Savage Clone 12.04.2007 03:20 PM

I might be mistaken here, but I think that is also true of the Hmong language.

pokkeherrie 12.04.2007 03:24 PM

which would make a point that a written language is not necessary for developping a fashion sense.
 

Tokolosh 12.04.2007 03:26 PM

 
 


Even the deaf and blind use an appropriate language.

atari 2600 12.04.2007 03:40 PM

It's the standard historical belief that the Sumerians in ancient Babylonia developed a symbolic language first. One that, albeit primitive, incorporated characters and is alike in that respect to what we know today as language. The Egyptians similarly developed language around the same time period around three thousand years before the common era. And around fifteen hundred years B.C.E., the Sumerians were also the first to take this symbolic language and utilize it to incorporarate rules for early civilization in the codification of laws; i.e., Hammurabi's Code.

SuchFriendsAreDangerous may be absolutely correct though because simple language that facilitated the communication of ideas between early humans occurred much, much earlier and up to a hundred thousand years before the common era. So, the "standard historical belief" arising from ancient Babylon I wrote of earlier is thought of as the first perversion of communication according to Rastafarians.

And then there's William S. Burroughs who flippantly declared that, "language is a virus from outer space."
Well, life itself may have came from outer space in the form of amino acids present in meteorite debris that interacted chemically with elements on Earth. But at any rate, on the lighter side, here's Laurie Anderson's "Language is a Virus" from her Home of the Brave concert film from 1986.

http://www.youtube.com/watch?v=4FeyGTmw0I0

Rob Instigator 12.04.2007 03:42 PM

communication is NOT language.
hand gestures and grunts can communicate basic things but that is not language. language is the use of specific vocal "symbols"

Tokolosh 12.04.2007 04:33 PM

Language isn't only about words. Algebra which consists of symbols is a good example of that.

Glice 12.04.2007 04:42 PM

Quote:

Originally Posted by atari 2600
It's the standard historical belief that the Sumerians in ancient Babylonia developed a symbolic language first. One that, albeit primitive, incorporated characters and is alike in that respect to what we know today as language. The Egyptians similarly developed language around the same time period around three thousand years before the common era. And around fifteen hundred years B.C.E., the Sumerians were also the first to take this symbolic language and utilize it to incorporarate rules for early civilization in the codification of laws; i.e., Hammurabi's Code.

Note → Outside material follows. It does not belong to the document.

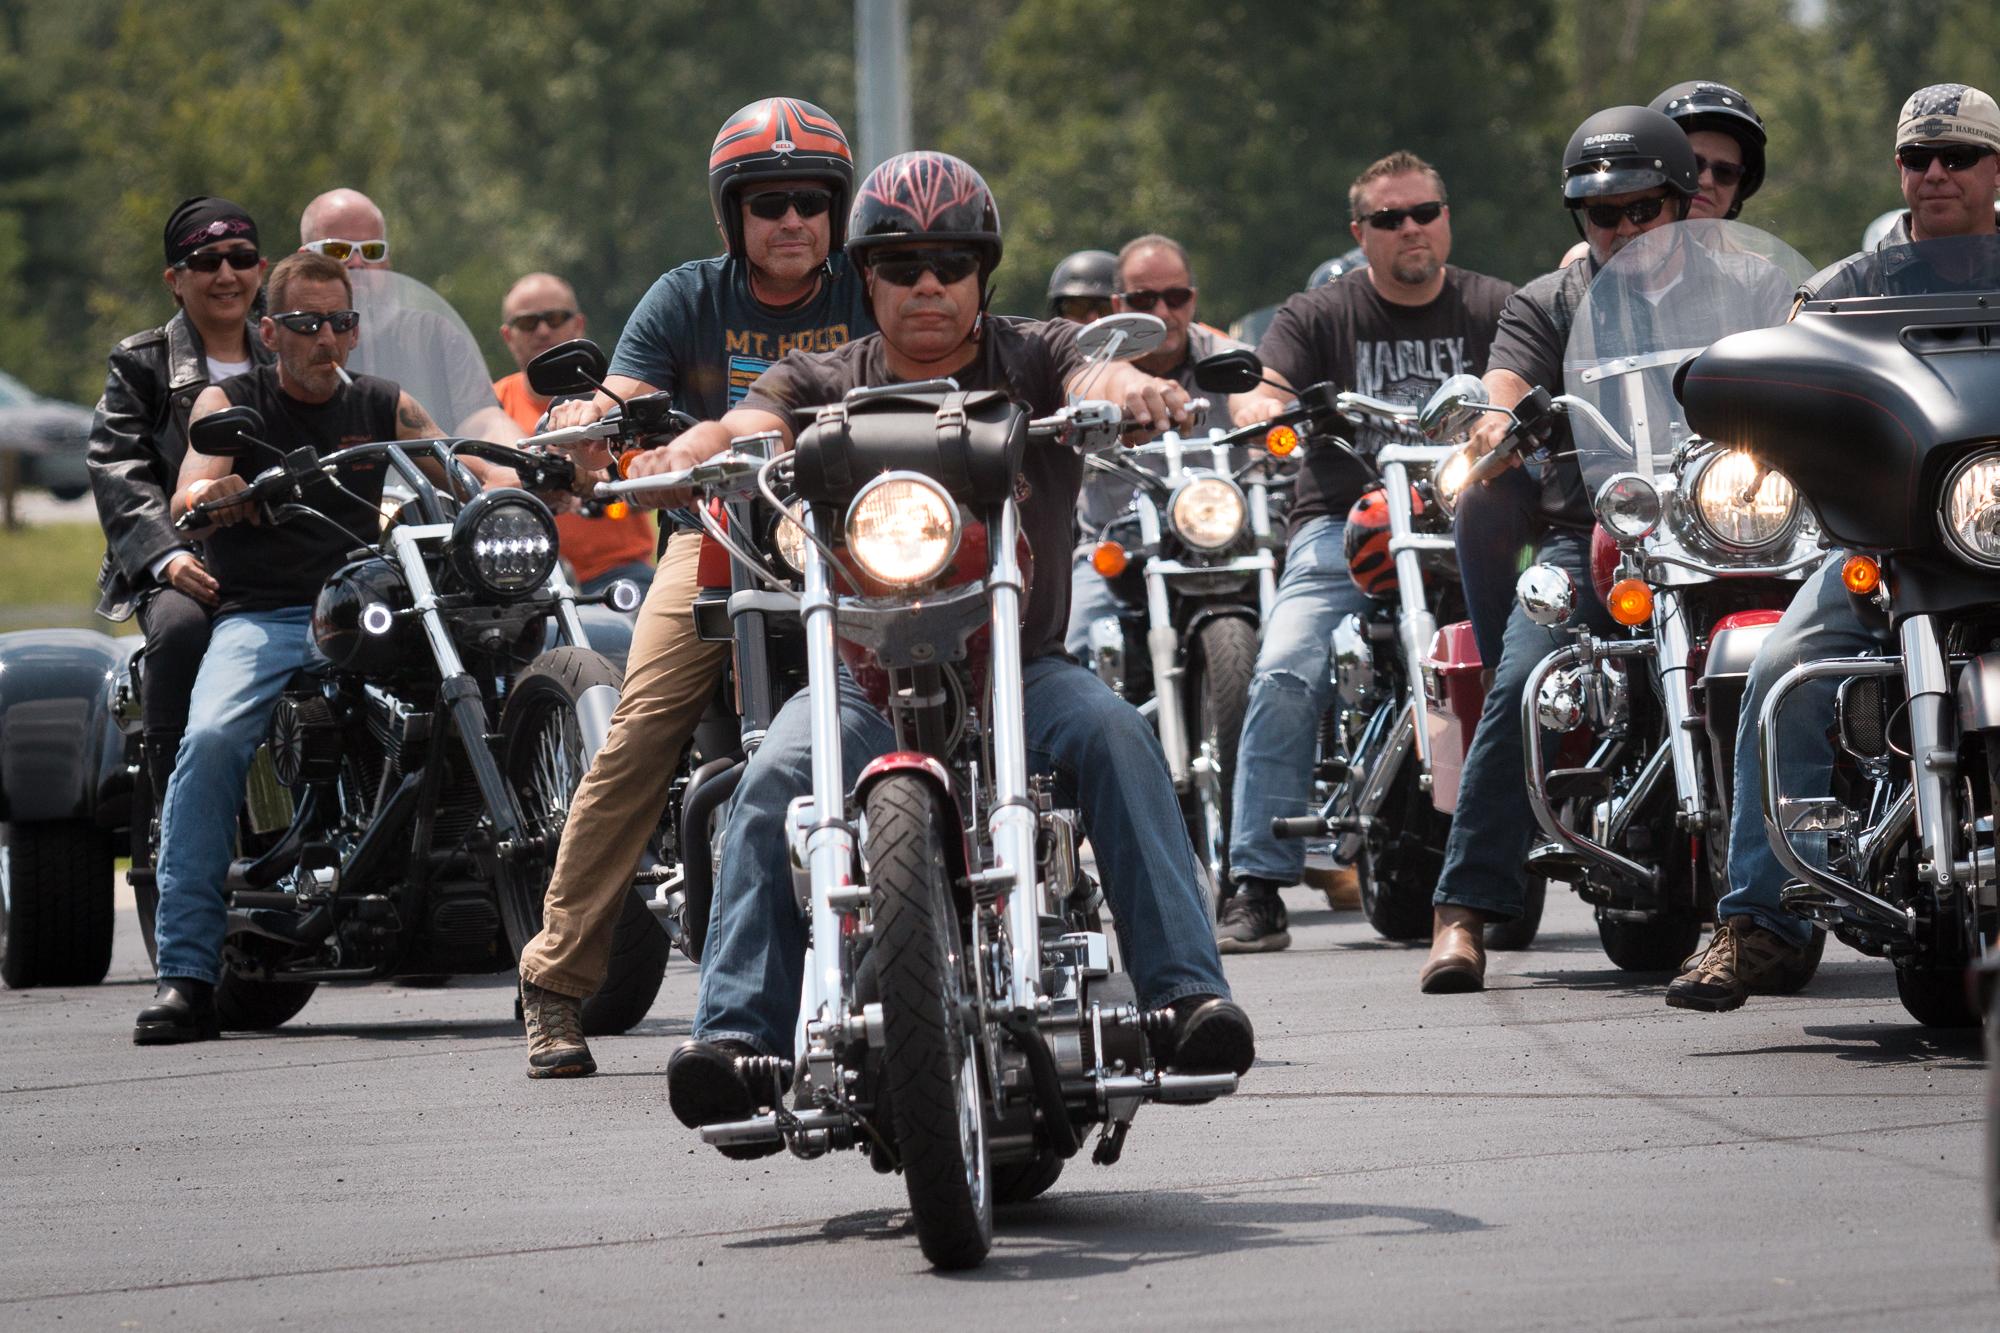 056_bikes.jpg

SuchFriendsAreDangerous may be absolutely correct though because simple language that facilitated the communication of ideas between early humans occurred much, much earlier and up to a hundred thousand years before the common era. So, the "standard historical belief" arising from ancient Babylon I wrote of earlier is thought of as the first perversion of communication according to Rastafarians.

And then there's William S. Burroughs who flippantly declared that, "language is a virus from outer space."
Well, life itself may have came from outer space in the form of amino acids present in meteorite debris that interacted chemically with elements on Earth. But at any rate, on the lighter side, here's Laurie Anderson's "Language is a Virus" from her Home of the Brave concert film from 1986.

http://www.youtube.com/watch?v=4FeyGTmw0I0


Fair points all. There's a superlative argument from Derrida's Writing and Difference that I haven't the time to do justice to here, but those interested in the epistemological bases of language, and the alleged 'opposition' between the written and the spoken (and all that falls between) would do well to read that book.